Формально это можно было бы назвать вечеринкой. Внешне это напоминало вечеринку, на которой слишком много людей собрались в слишком тесном пространстве – в грязном лофте на Джейн-стрит в Виллидже. Однако это было чуть больше, чем обычная вечеринка.

Имели место ритуальные танцы дружелюбно настроенных туземцев, как физические (иллюстрацией чего могло служить медленное, психосексуальное, на редкость неумелое скольжение Симоны и литературного агента ее мужа), так и эмоциональные (это когда Вагнер Коул беспощадно ободрал шкурку с поэтессы с выбеленными перекисью волосами, чьи восторги по поводу современной литературы явно повторяли обзоры в «Субботнем Ревю»), а также этнические (сводившиеся в основном к невинному трепу о том, кто, как и с кем в дальнем углу за каучуковым деревом). В общем, здесь собрались абсолютно все, потому что Флоренс Магрен праздновала свою днюху (уиииии!), ну, чем не повод собраться вместе.

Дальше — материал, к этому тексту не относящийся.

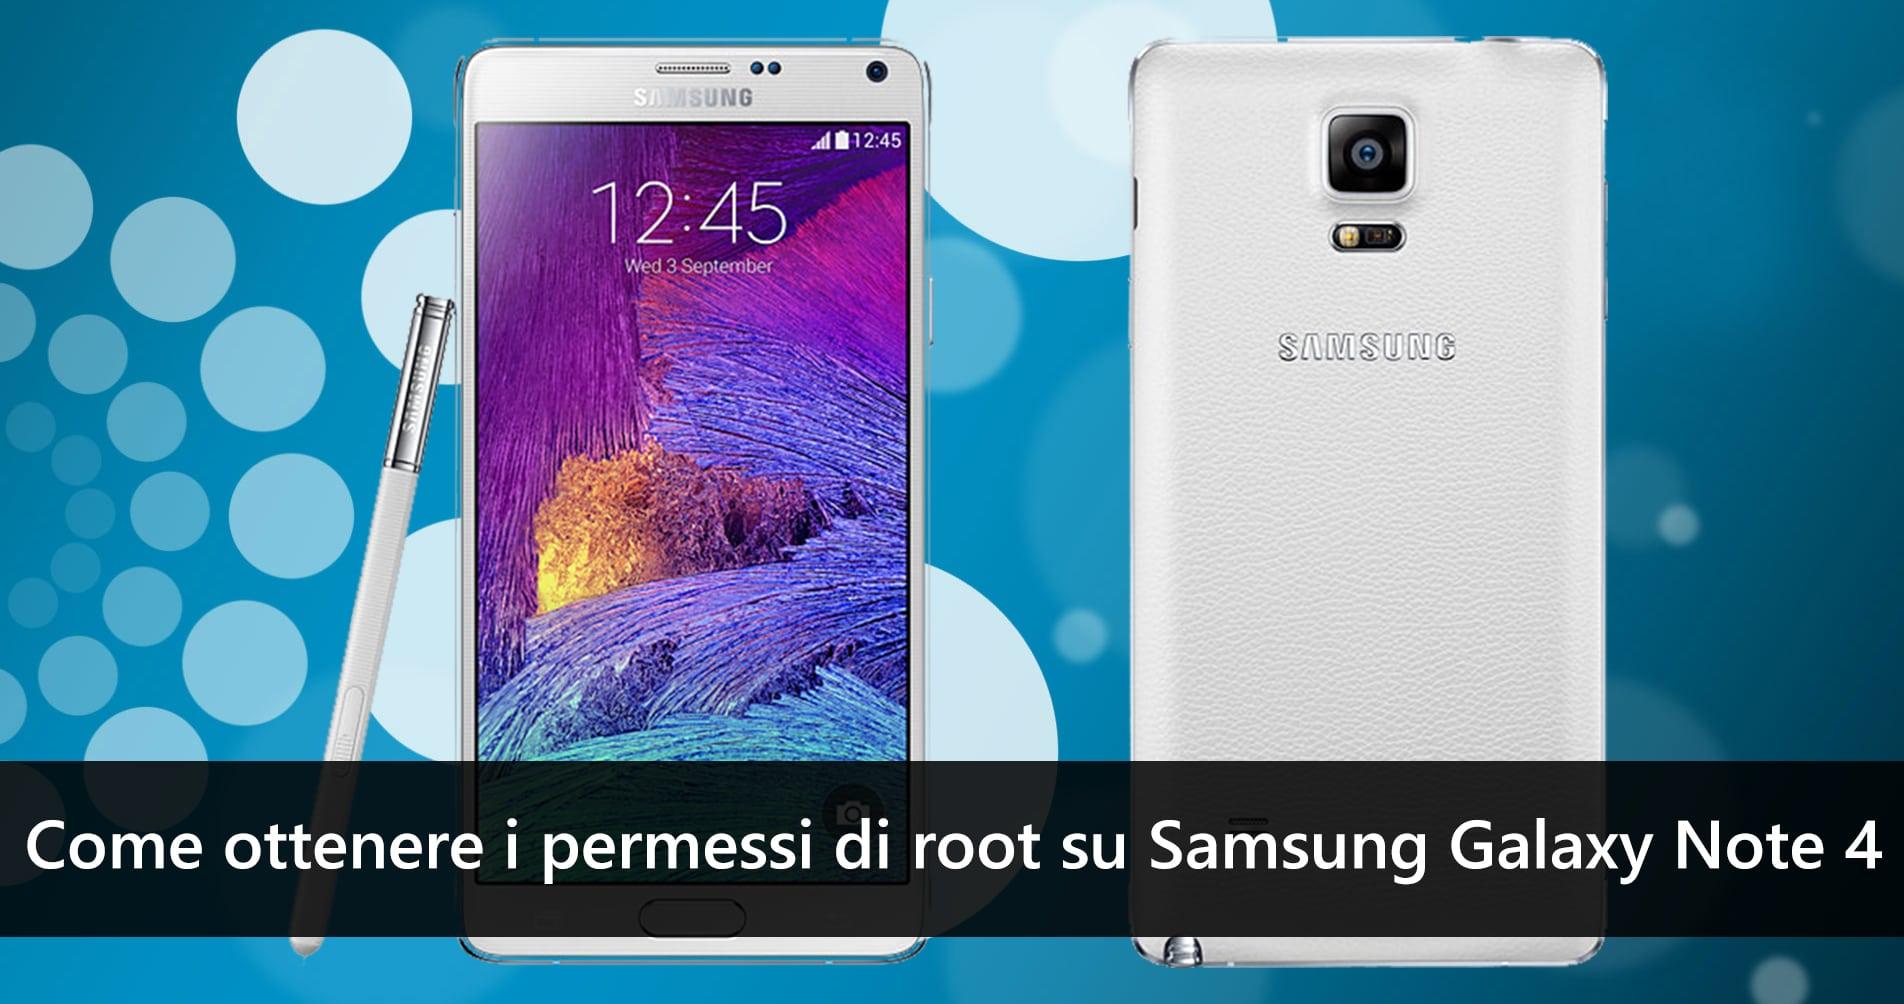 Come ottenere i permessi di root su Samsung Galaxy Note 4 - WizBlog

Энди Сорокин стоял у камина, держа свою «Маргариту» обеими руками, и разговаривал с бледнолицей девственницей, которую откопал и притащил ему Эндовер. Она выкладывала ему все, что думала о плохом фильме, снятом по одному из его последних романов.

– Я никогда не считала Кэрин безнадежно плохой, – говорила девственница. – А когда сняли фильм, мне просто не понравилось, как исполняет эту роль Лана Тёрнер.

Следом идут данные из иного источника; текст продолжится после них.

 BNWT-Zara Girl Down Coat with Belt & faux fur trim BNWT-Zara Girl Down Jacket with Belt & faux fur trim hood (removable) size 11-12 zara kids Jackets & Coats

Сорокин смотрел на нее и благосклонно кивал. Она была маленького роста, с могучим бюстом. Платье от Руди Гернрайха подпирало ее грудь, и улыбалась она губами, не скаля при этом зубы.

– Очень мило с вашей стороны говорить так; киноверсия вышла вообще не самой лучшей, хотя режиссура Франкенхаймера лично мне понравилась.

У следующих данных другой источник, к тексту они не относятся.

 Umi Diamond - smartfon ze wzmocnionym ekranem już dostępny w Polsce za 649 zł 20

Она ответила в том же духе; в принципе, эту ерунду можно было даже не слушать. Подобные беседы он сносил иногда легко, а иногда нет – в зависимости от того, чего от них ждал. В данном случае он ждал возможности затащить маленькую пышногрудую девственницу в хозяйскую спальню и добивался этого со всем доступным ему обаянием.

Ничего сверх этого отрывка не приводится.